His publicist once says that James' family suspected the artist had a heart attack. Because James, the diabetic also had a pacemaker and in 1998 he suffered a stroke while performing a show in Denver.
Although authorities say the death did not appear suspicious, the Los Angeles County Coroner's Department said it would investigate the death because of the artist??s history with drugs.
Professionally, the rocker and producer had been busy lately working on an album and writing an autobiography to be called Memoirs of a Super Freak. Last month, James told BET.com that the new album would feature as many as 30 songs. "Music is a universal language, every color, every creed, every race," James told the Website. "I want everybody to enjoy my (stuff)."
James is perhaps best known for his smash hit, Super Freak, in which he sings of a "very kinky girl, the kind you don't take home to mother."

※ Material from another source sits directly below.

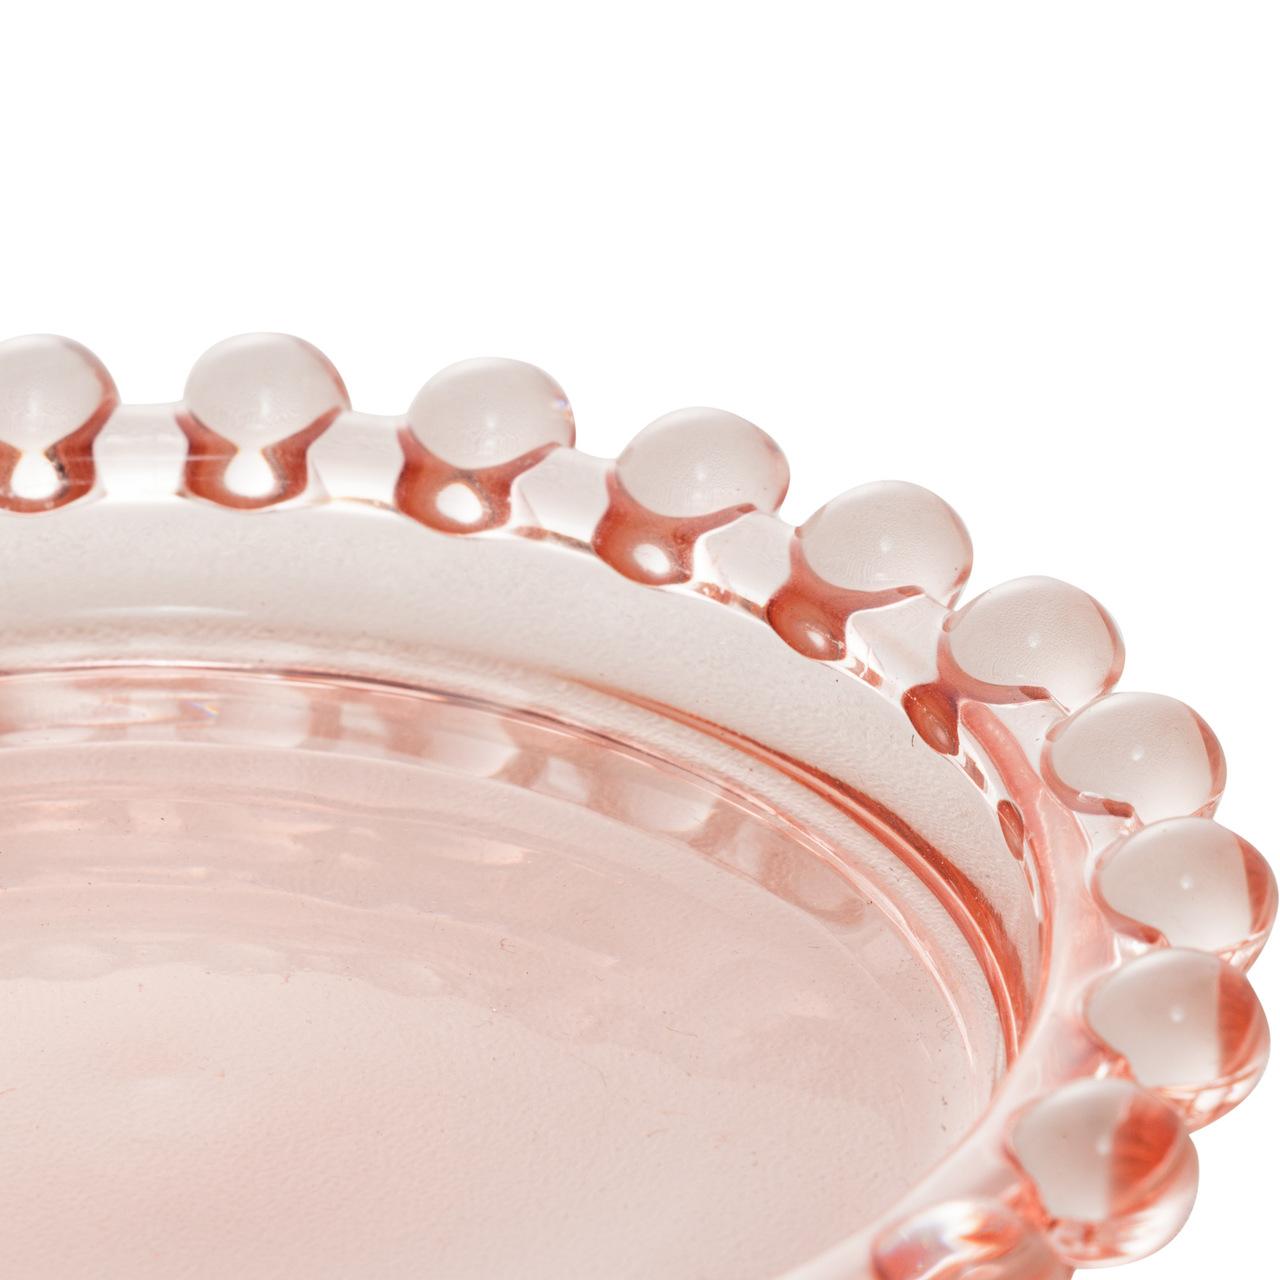 Jogo 4 pratos 10 cm para sobremesa de cristal rosa Pearl Wolff - 28444

The song peaked at No. 16 on the U.S. pop charts, and found renewed life a decade later when rapper MC Hammer sampled it on U Can't Touch This, one of the biggest rap records of all time. His grooves and hooks also ended up on tracks by such artists as Mary J. Blige, Ashanti, LL Cool J and Will Smith, introducing him to a new generation of fans.
He also collaborated with the Temptations and Smokey Robinson.